The memory subsystem 110 comprises memory controller 115 coupled to memory array 120. In the preferred embodiment of FIG. IA, memory controller 115 comprises address transformation logic 130. Memory array 120 is utilized to store graphical data within memory subsystem 110. The address transformation logic 130 is responsible for arranging the graphical data transferred to and from the hardware initiators into two dimensional tiles. The size of the tiles in bytes is configured based upon a "context" configured within the memory controller (described below). A context is a collection of characteristics that describe both the nature of the graphical objects processed, as well as the characteristics and organization of the memory array 120 used to store the data representing the graphical objects. Such characteristics may include the size of the graphical objects processed, the type of graphical data (e.g., still image data or video data), the resolution of the image or video, and the size and organization of the memory array, just to name a few. Depending upon the context, address transformation logic 130 may be configured to organize the data into tiles of a specific size by application software executing on an initiator. Each context thus defines a tiling organization that is optimal for a particular image and/or video, and a particular memory array organization.

In at least some embodiments, memory array 120 is arranged into sub-arrays of rows and columns of transistors that each stores a single bit. The bits from individual rows of multiple sub-arrays are further grouped into bytes and/or words that each represents a single pixel represented on display 111. Pixels are then further organized into the tiles described above, with the size of the tiles (in bytes) preferably set equal to or less than the capacity of a row within a sub-array of memory array 120. Thus, when a single data row, which is distributed over the grouped sub-arrays, is read from or written to memory array 120, pixels spanning multiple scan lines of a localized area of display 111 may be concurrently accessed. The data row in memory represents a two-dimensional area of the visual image or video displayed, rather than a single-dimensional scan line of the image or video.
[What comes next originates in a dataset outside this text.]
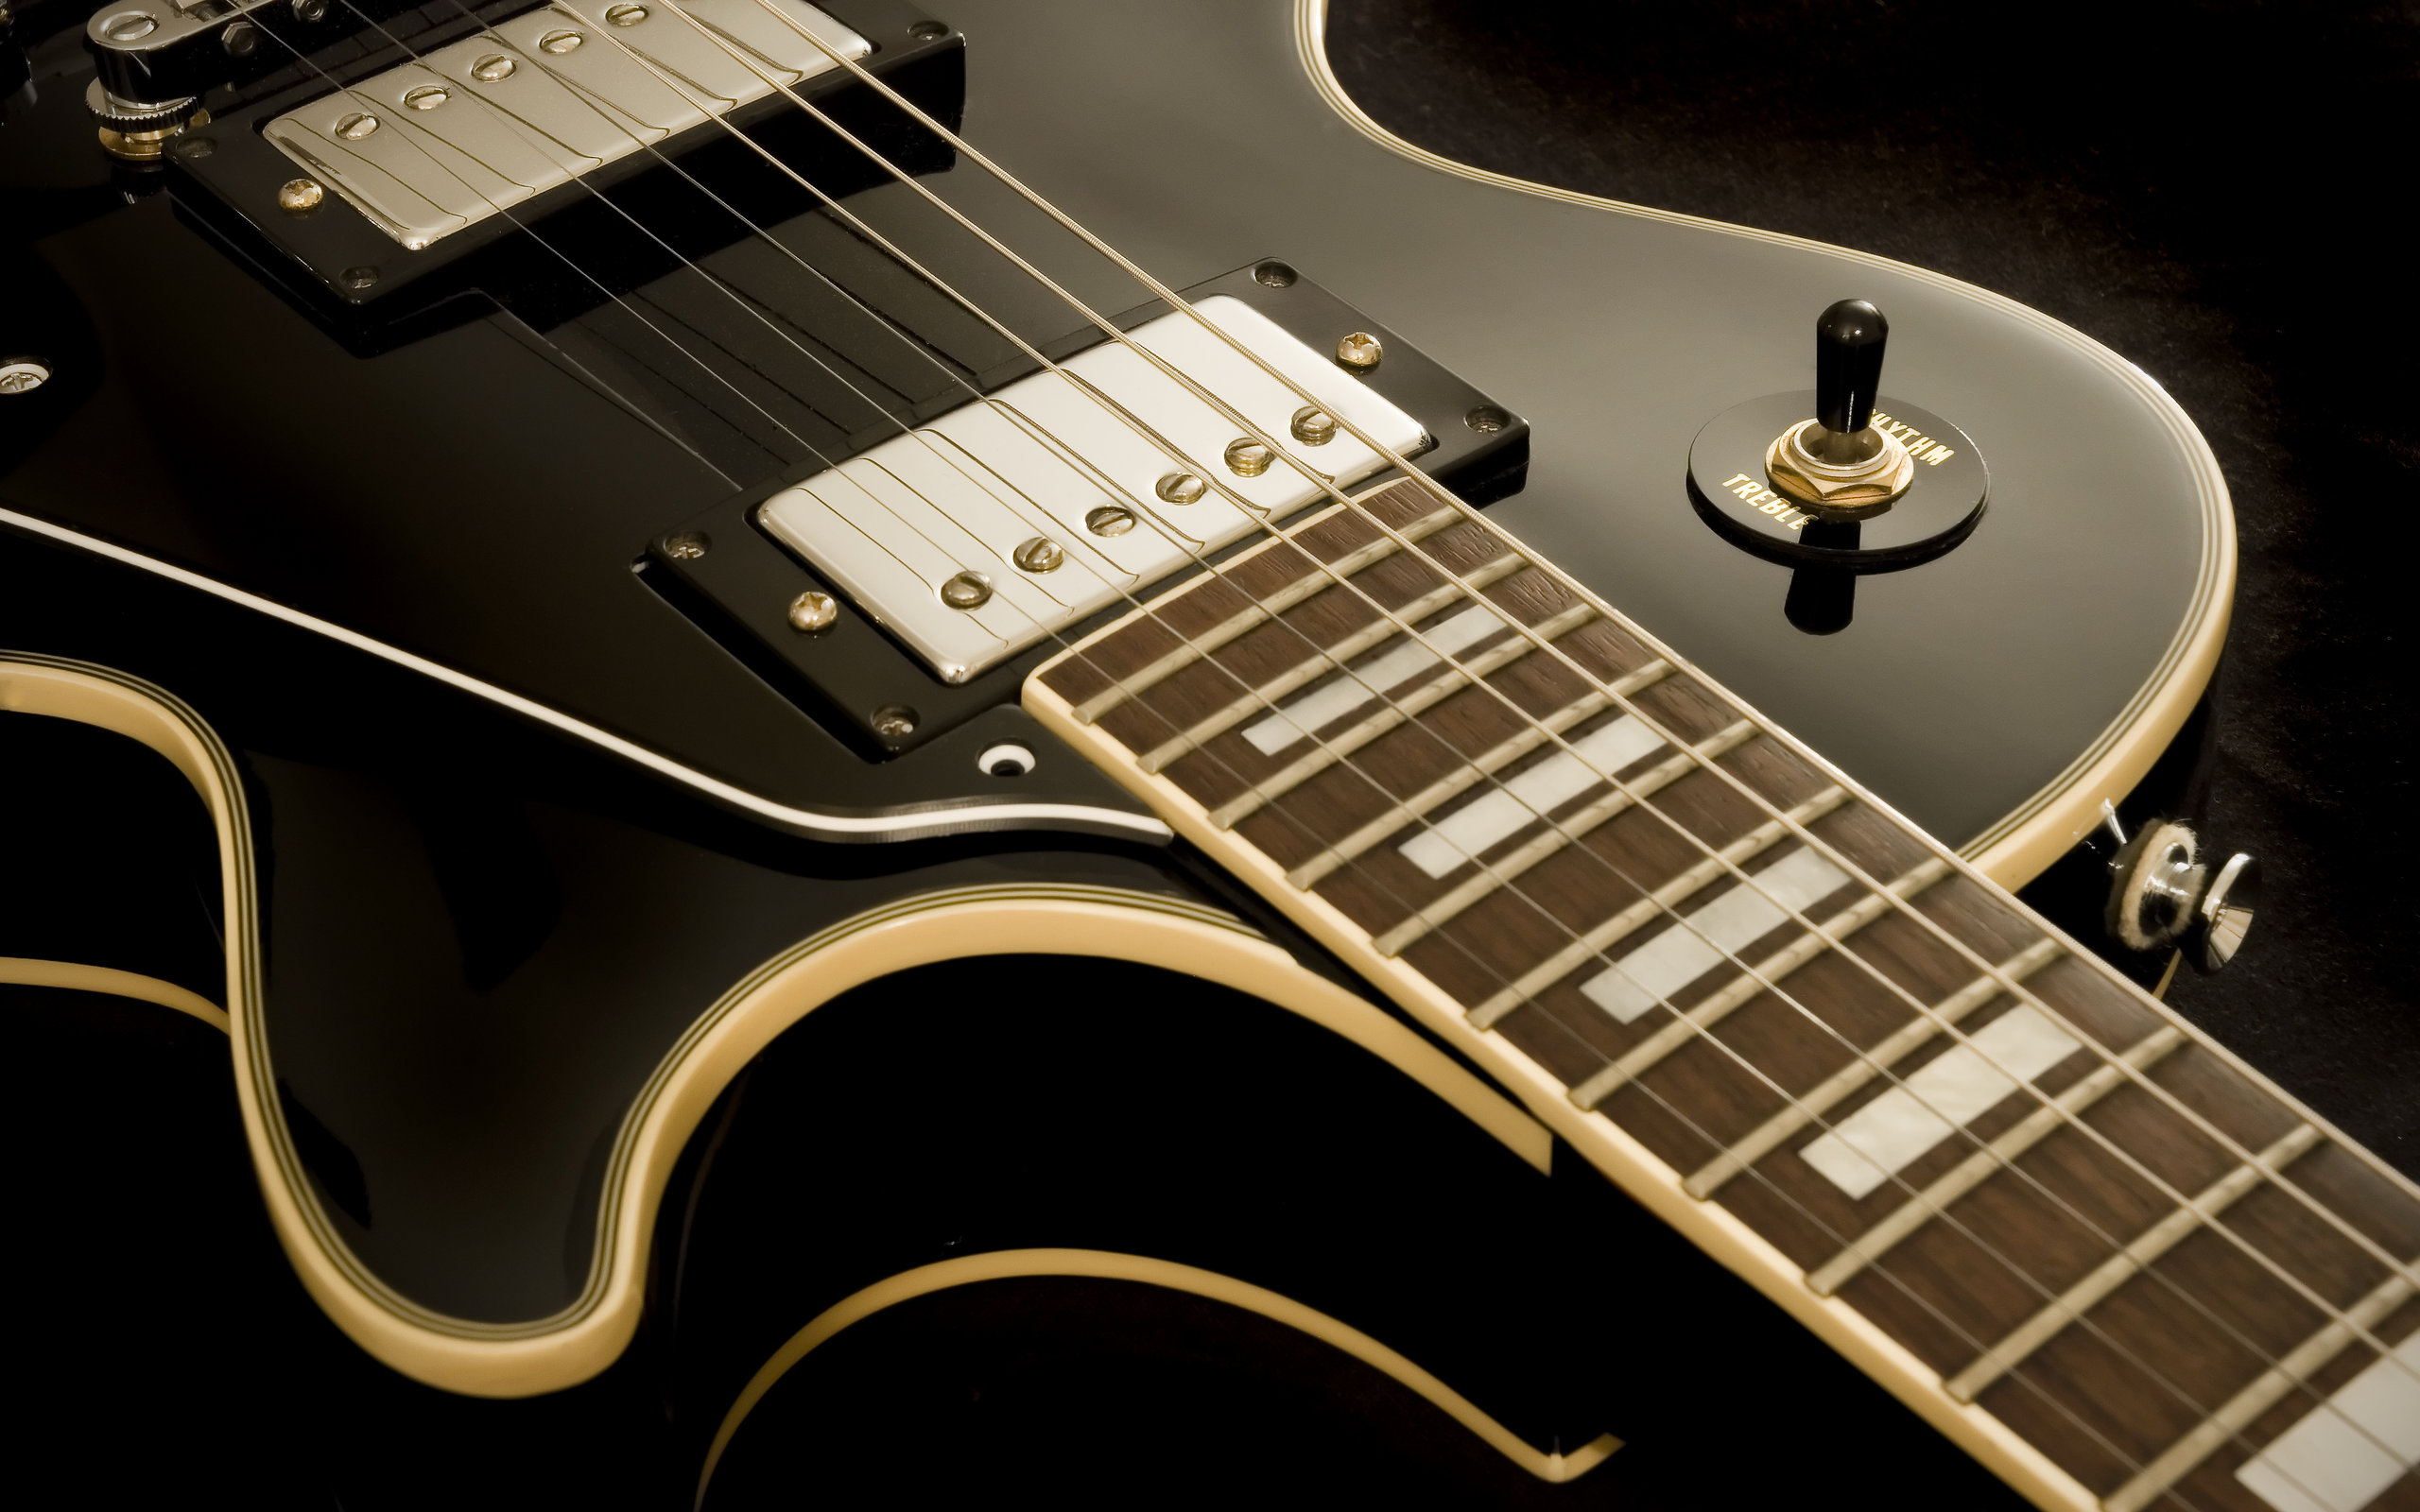 Modern Metal Rhythm Guitar, Lesson 1 - Octave Displacement

For a given pixels-per-tile size, a variety of tile dimensions are possible. The dimensions of the tiles of the preferred embodiments will depend on the context defined for specific graphical data, and on the objects represented and processed. For example, if the 2D image objects accessed by a given application have horizontal dimensions that, overall, are significantly larger than the vertical dimensions of the objects, there is a higher statistical probability that the objects will be accessed in the horizontal direction than in the vertical direction. The tile dimensions may be set larger in the horizontal direction than the vertical direction to take advantage of this higher statistical probability. Similarly, if the accessed 2D objects are more likely to be accessed in the vertical direction rather than the horizontal direction (e.g., if the objects are, overall, tall and narrow), then the tile dimensions may be set larger in the vertical direction. Although the tile size and dimensions are usually set by and for a particular application being executed, the tile size and dimensions may be reconfigured to accommodate different applications concurrently. Additionally, memory array 120 may include multiple sub-arrays of different sizes and with different access distribution characteristics, each optimized for different contexts and selectable by an application executing on a particular initiator. Many different organizations and contexts will become apparent to those skilled in the art, and all such organizations and optimizations are intended to be within the scope of the present disclosure. In the preferred embodiment of FIG. IA, hardware initiators 105 utilize virtual addressing to access the memory subsystem 110, and thus each of the hardware initiators 105 operates independent of the physical arrangement of memory array 120. The virtual addressing re- maps areas of a visual image into memory array 120 to take advantage of the characteristics of a particular context, while still maintaining a pixel format and organization compatible with each hardware initiator. Because the memory storage arrangement is independent of the particular hardware initiators 105, system designers may chose between hardware initiators from different vendors without regard to the interoperability between hardware initiators 105 and memory array 120, or between the individual hardware initiators 105.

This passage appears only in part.